• **PROBLEM STATEMENT**
The reply should reproduce every line of the data below word for word, minus any images.

• **DATA SHOWN**
------------------------------
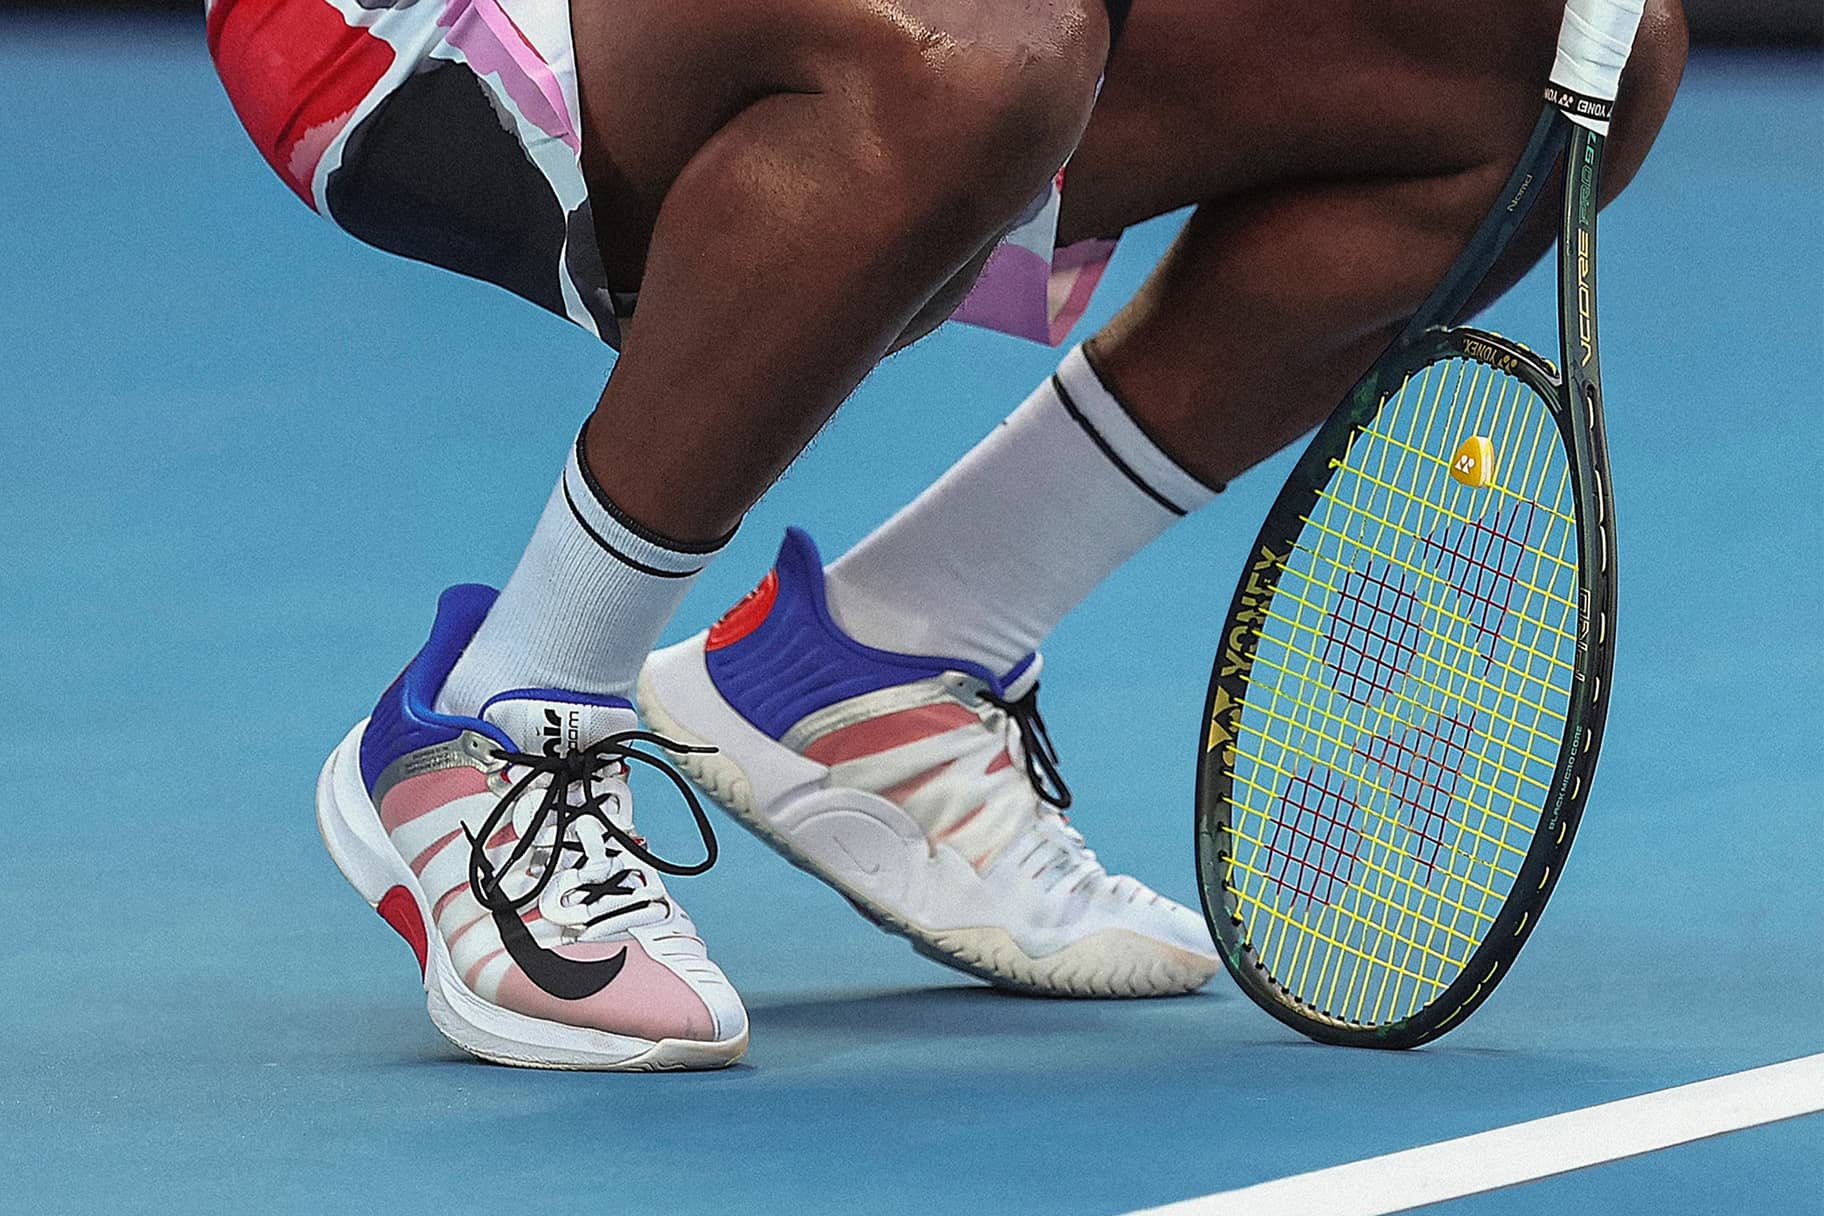 Les millors sabatilles Nike de tennis per a pista ràpida
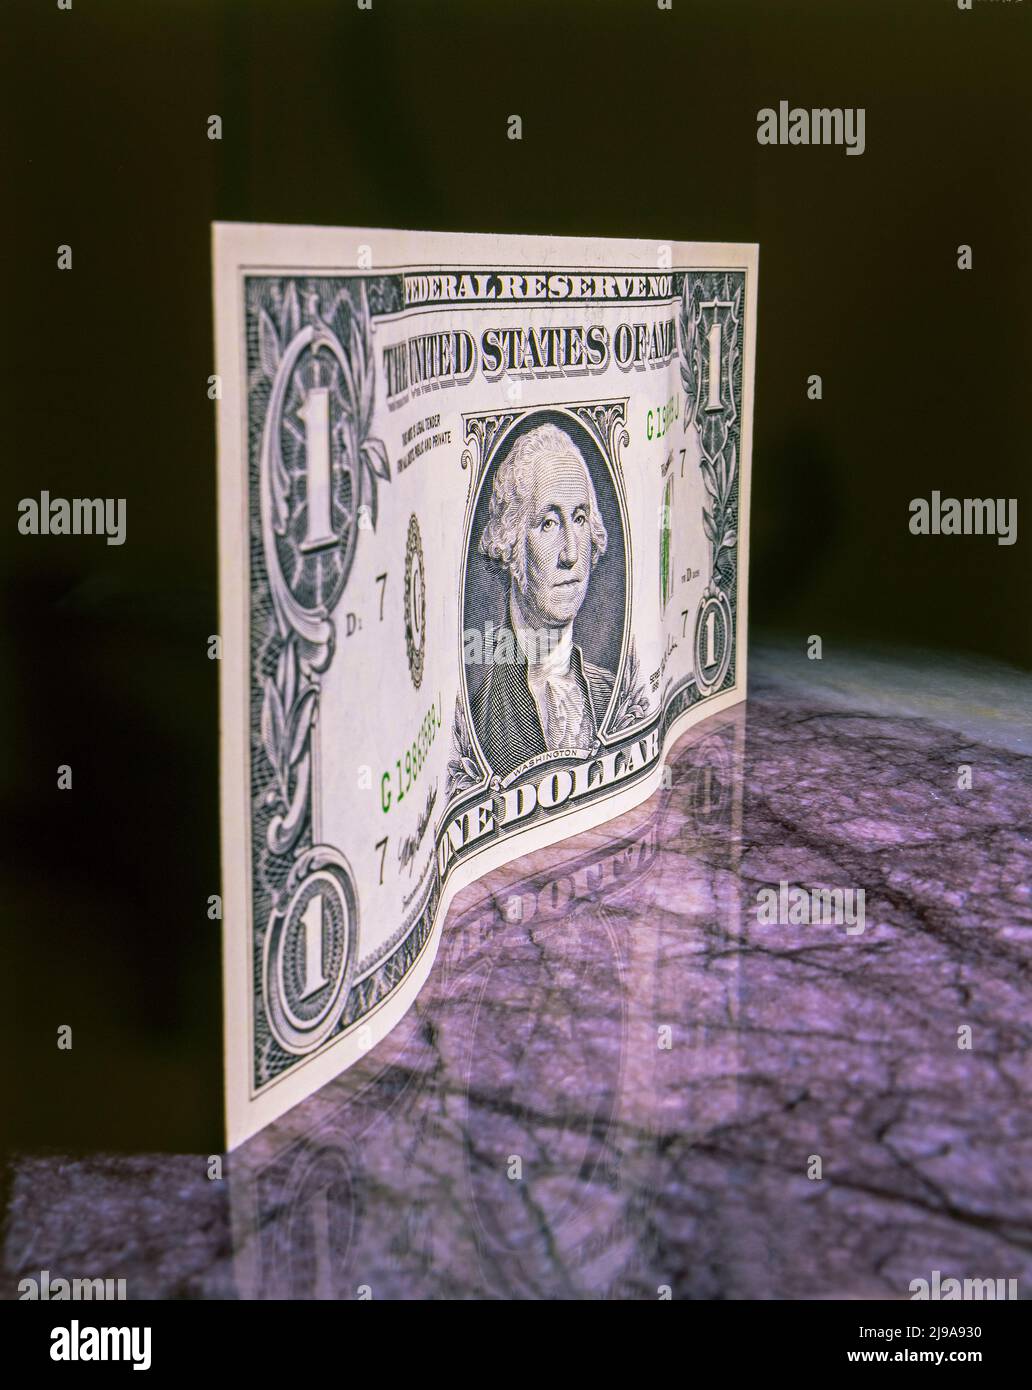 Un dollaro in piedi sulla superficie di marmo. Immagine da lucidi da 4x5 pollici. Fotocamera Deardorff, film Fuji RVP. Foto Stock
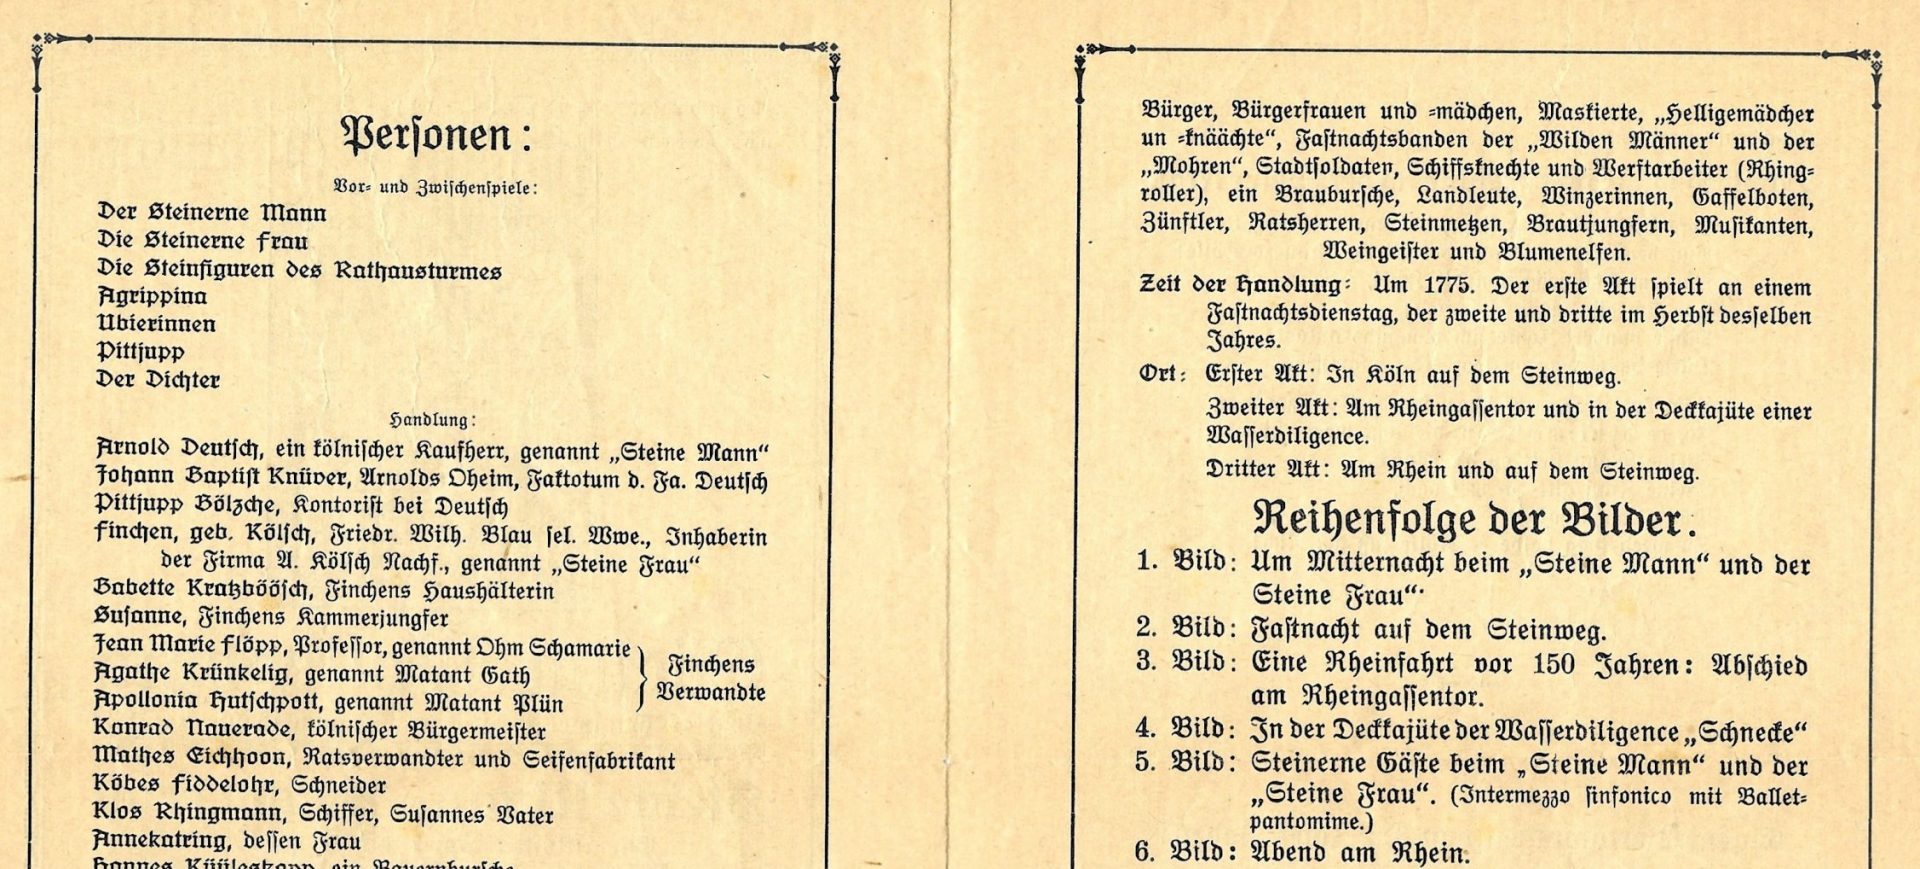 Steine Mann un Steine Frau - Divertissementchen 1926 - Programmheft
------------------------------
• **EXERCISE RESPONSE**
 Les millors sabatilles Nike de tennis per a pista ràpida
 Un dollaro in piedi sulla superficie di marmo. Immagine da lucidi da 4x5 pollici. Fotocamera Deardorff, film Fuji RVP. Foto Stock
 Steine Mann un Steine Frau - Divertissementchen 1926 - Programmheft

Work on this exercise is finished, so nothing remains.